_Exercise_
Type out the whole listing again exactly, pictures omitted.

_Source data_
☆ ☆ ☆ ☆ ☆
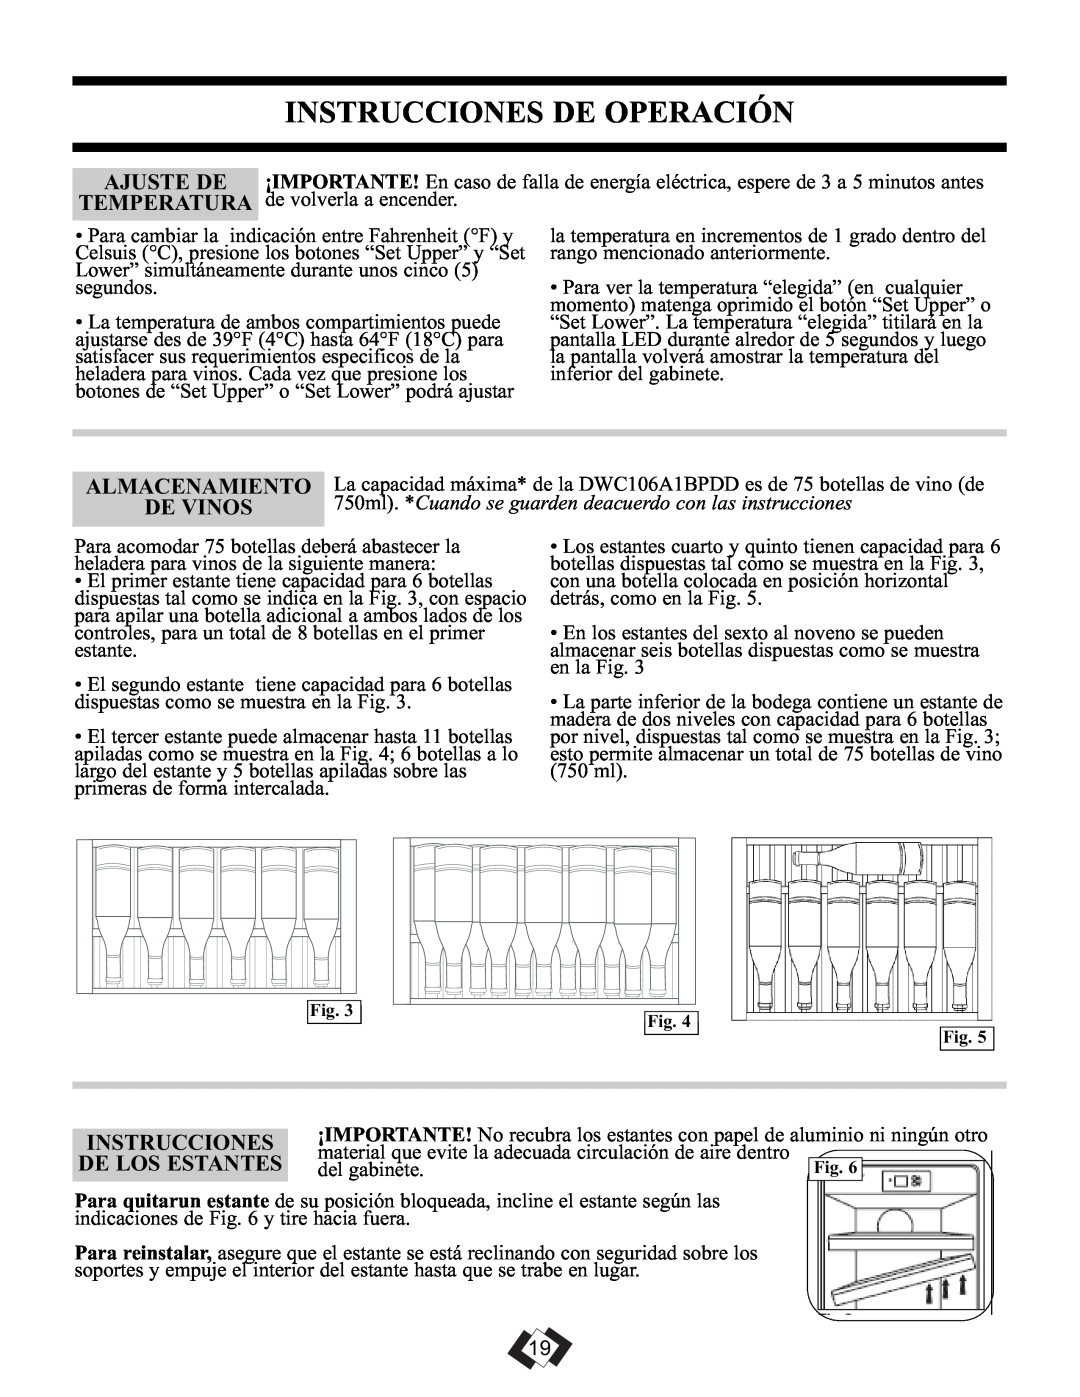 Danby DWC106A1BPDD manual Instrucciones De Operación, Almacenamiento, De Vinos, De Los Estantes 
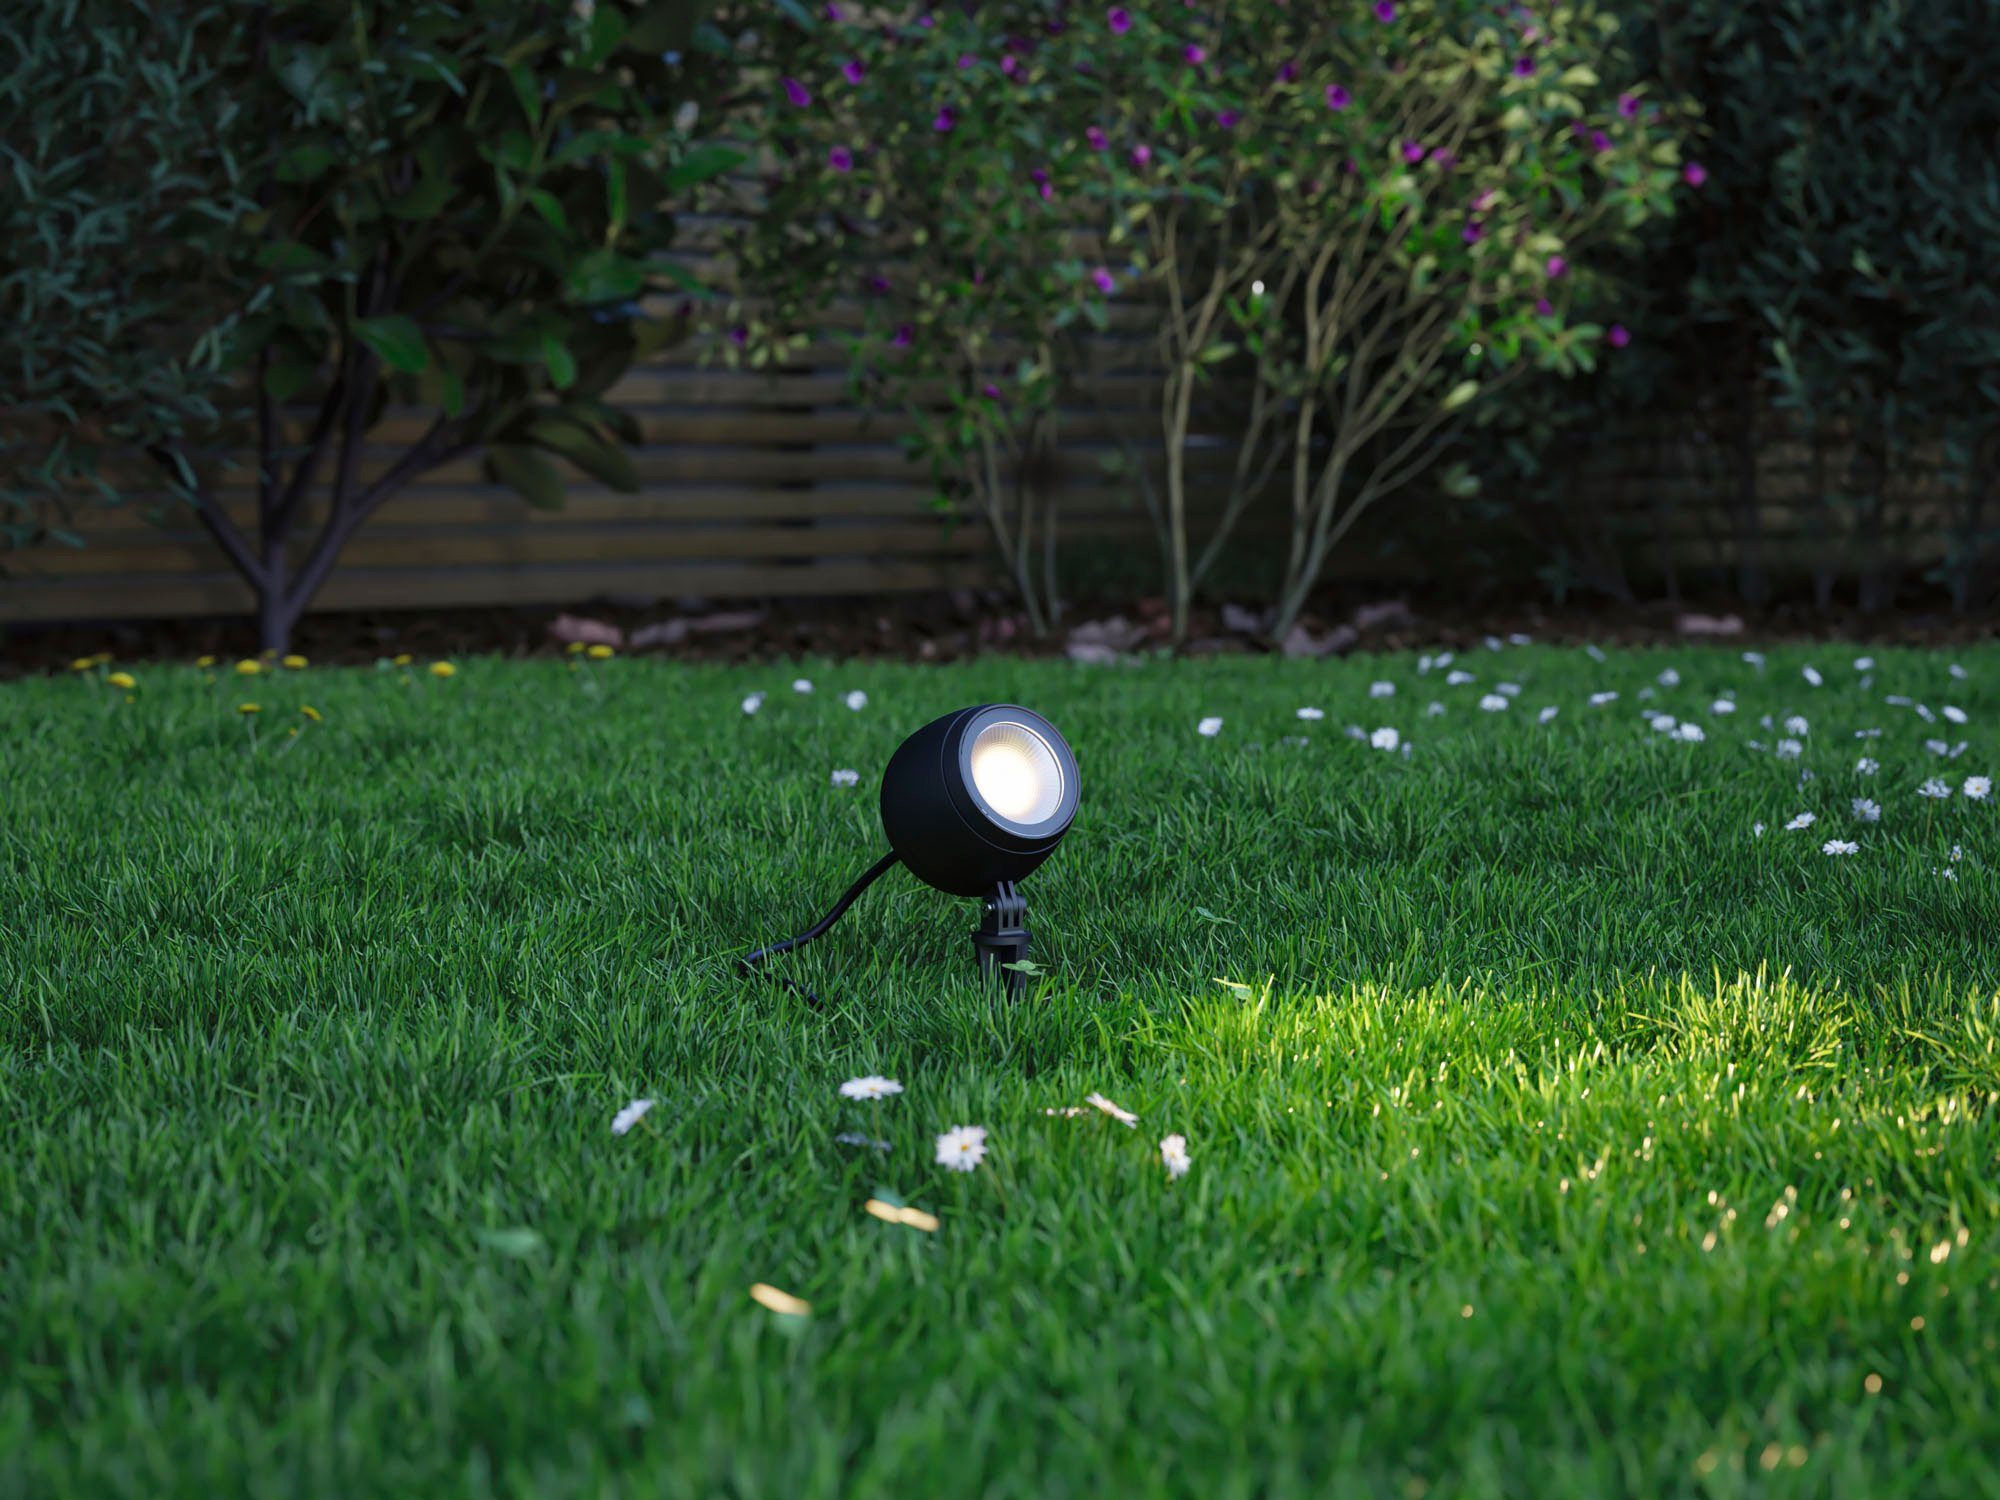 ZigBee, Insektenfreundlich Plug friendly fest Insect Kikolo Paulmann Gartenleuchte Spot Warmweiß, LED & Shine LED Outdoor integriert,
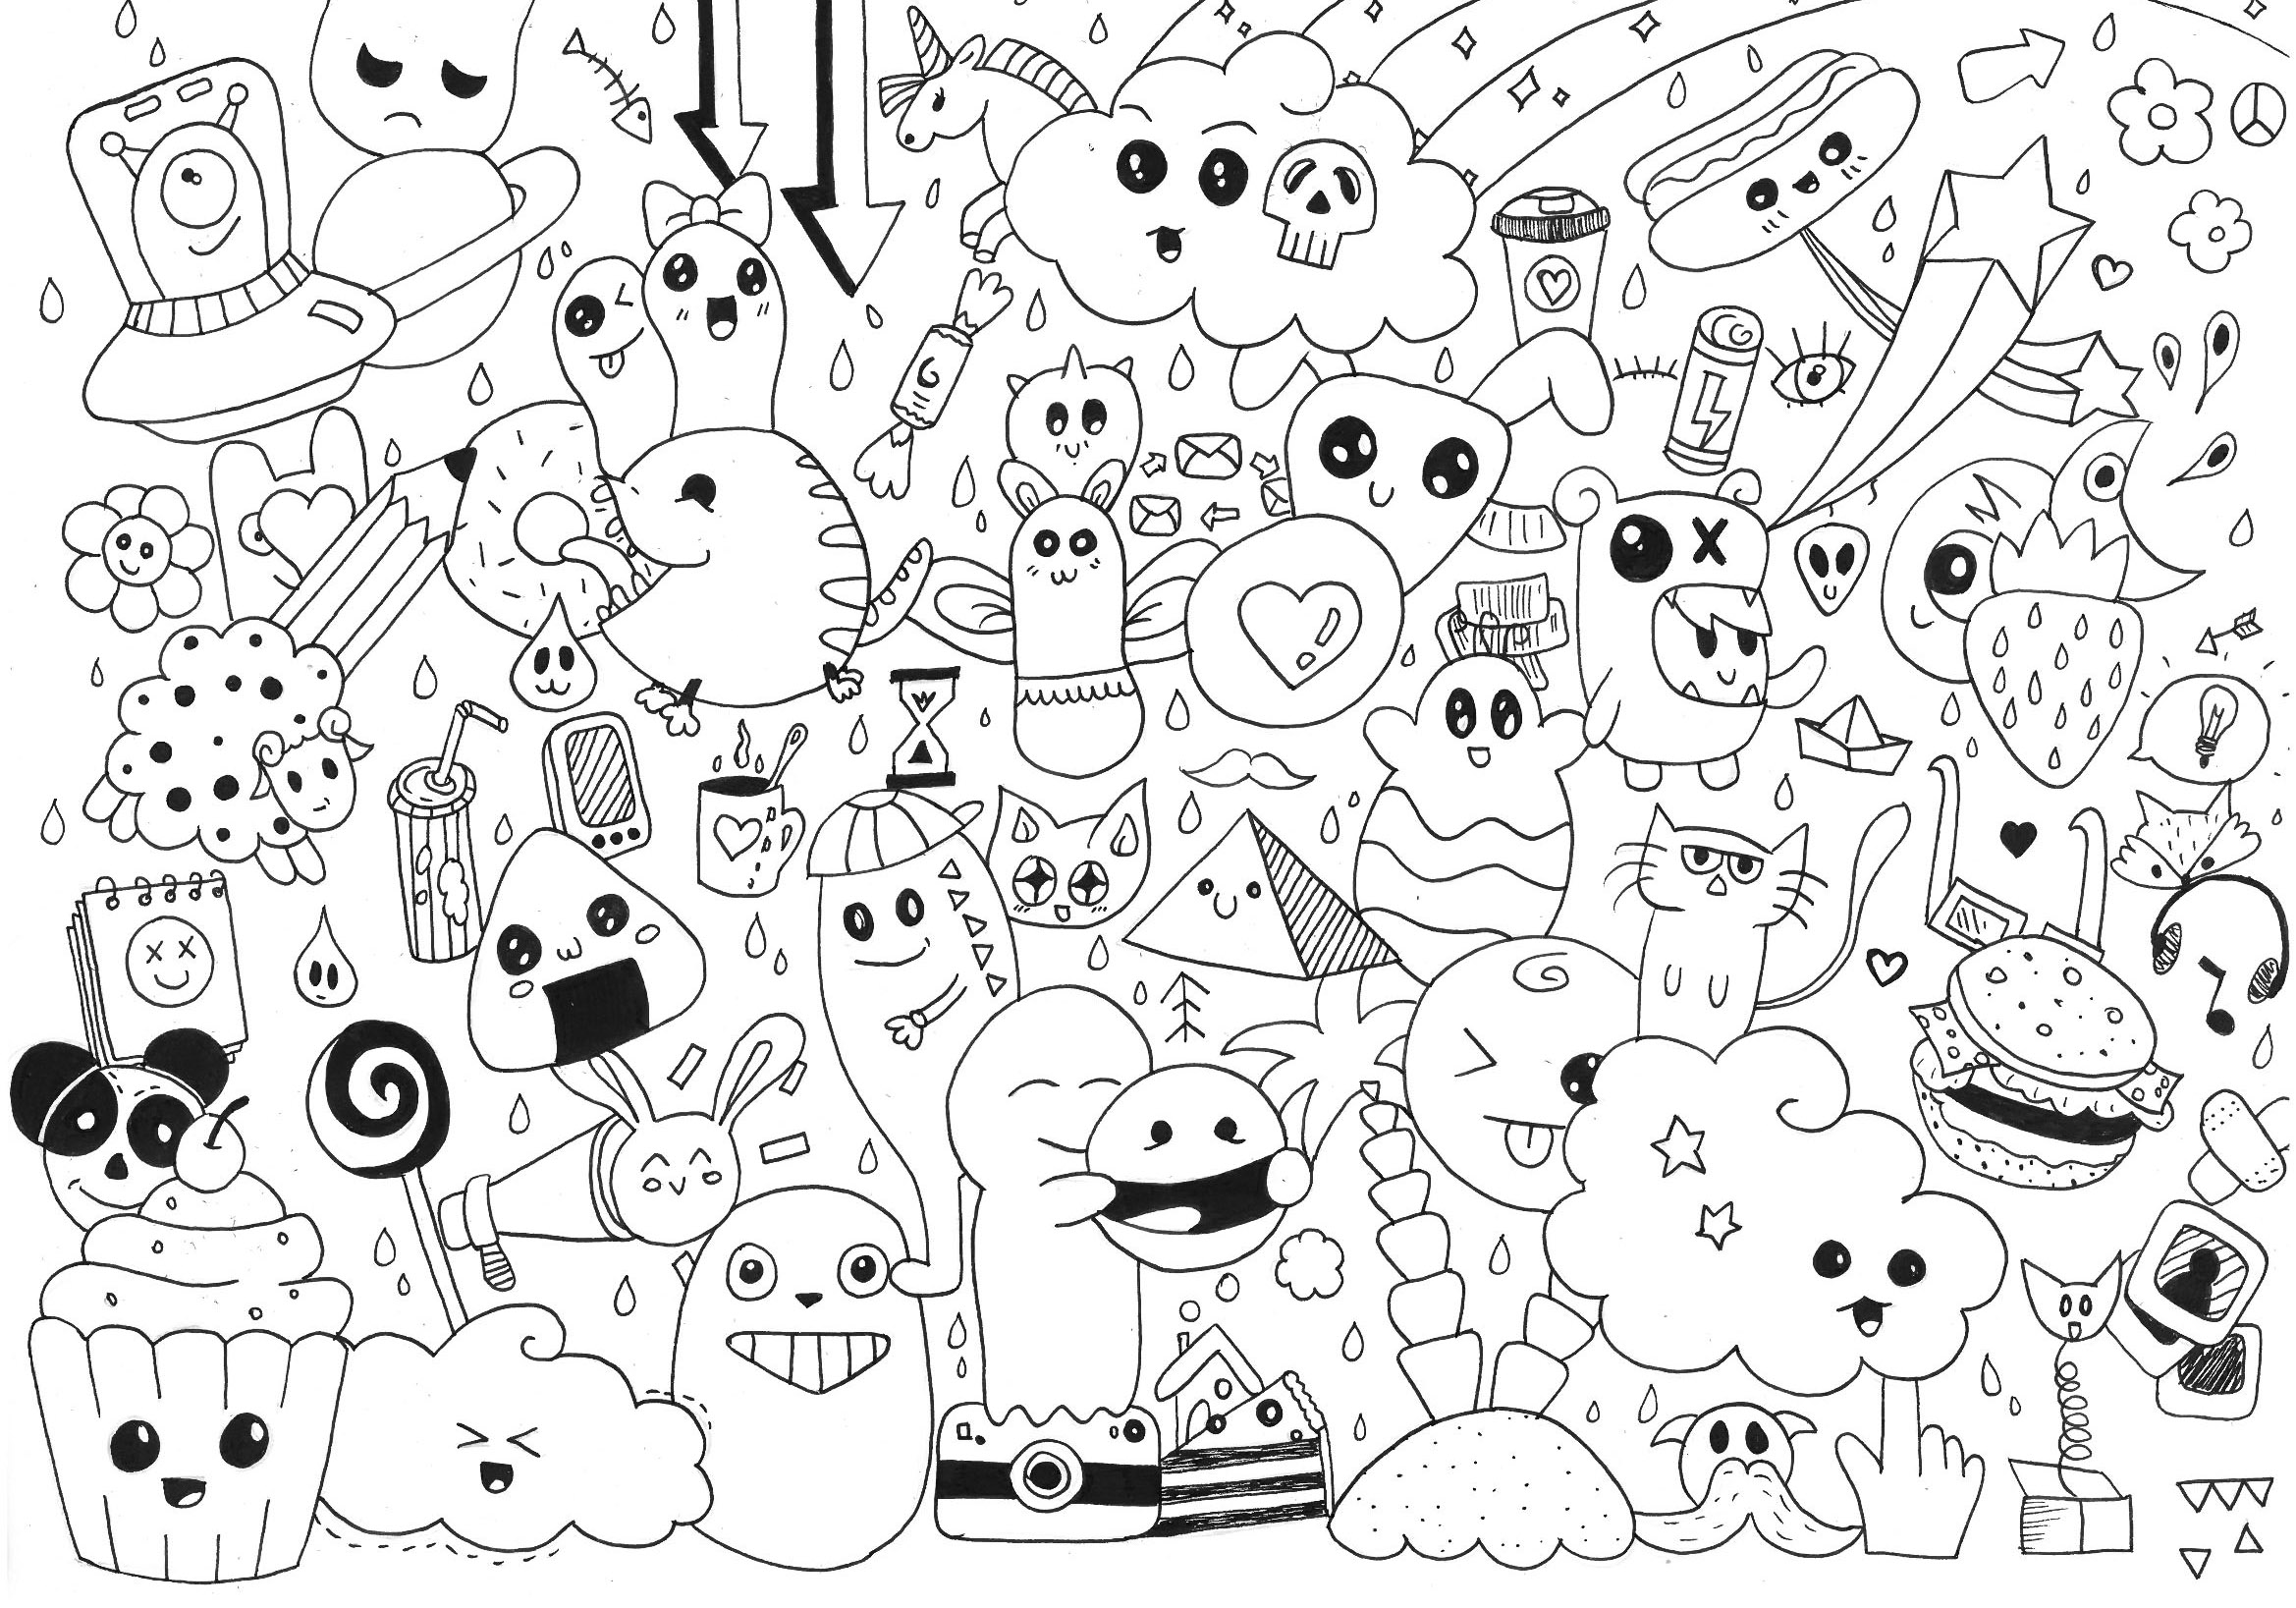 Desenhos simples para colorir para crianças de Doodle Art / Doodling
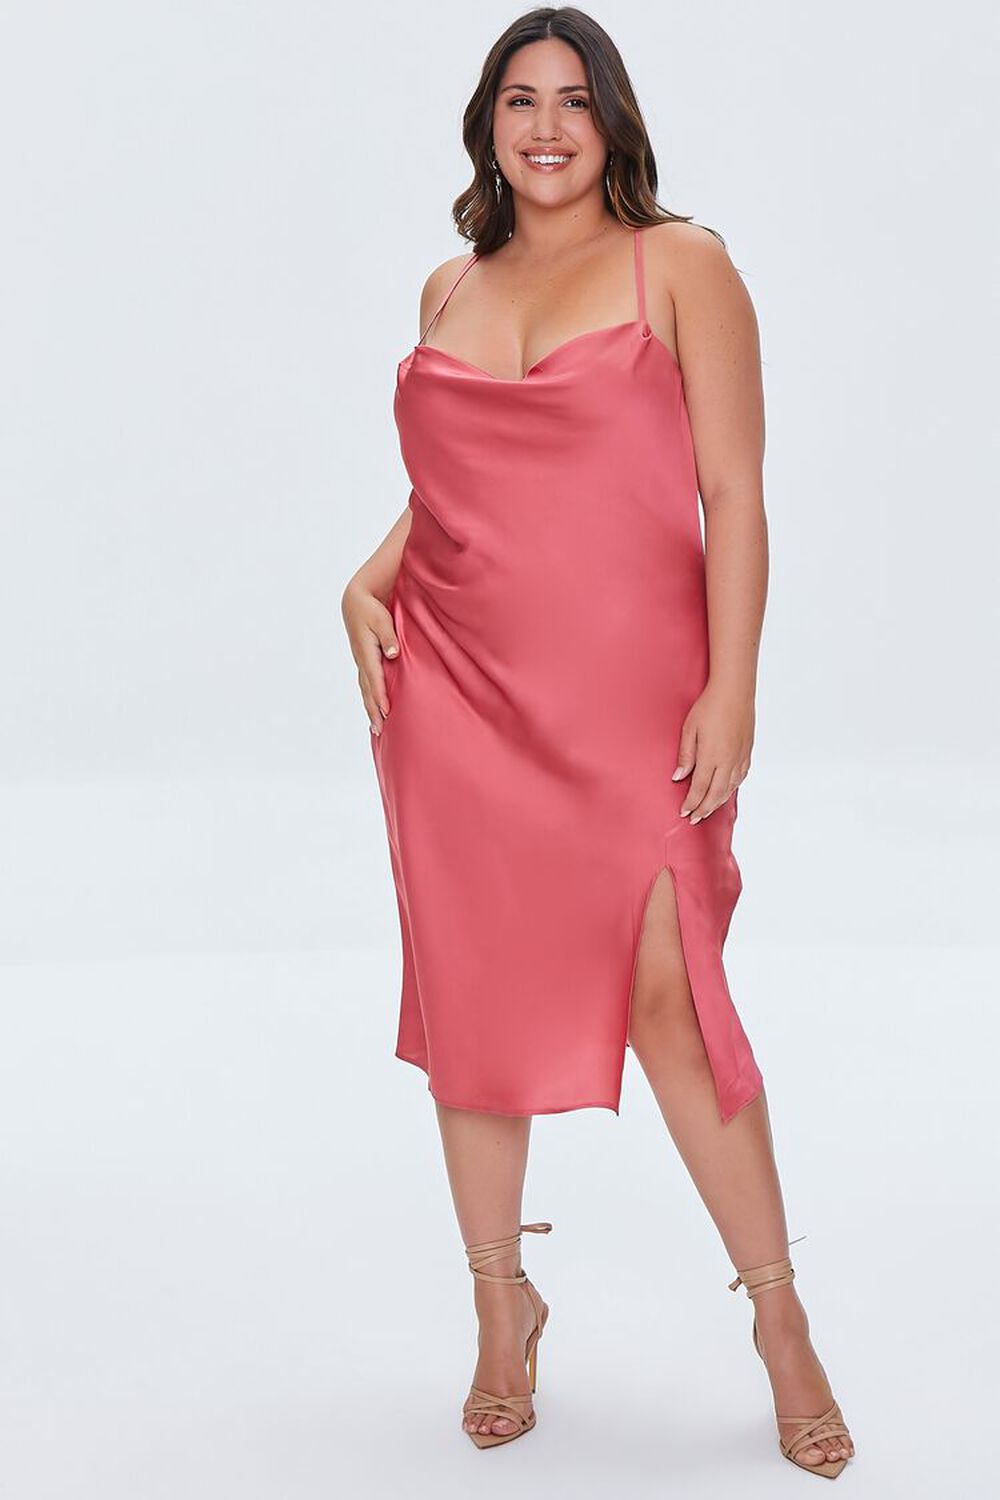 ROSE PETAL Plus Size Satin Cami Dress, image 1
☆ ☆ ☆ ☆ ☆
_Output of the task_
 Danby DWC106A1BPDD manual Instrucciones De Operación, Almacenamiento, De Vinos, De Los Estantes 
 ZigBee, Insektenfreundlich Plug friendly fest Insect Kikolo Paulmann Gartenleuchte Spot Warmweiß, LED & Shine LED Outdoor integriert,
 Desenhos simples para colorir para crianças de Doodle Art / Doodling
 ROSE PETAL Plus Size Satin Cami Dress, image 1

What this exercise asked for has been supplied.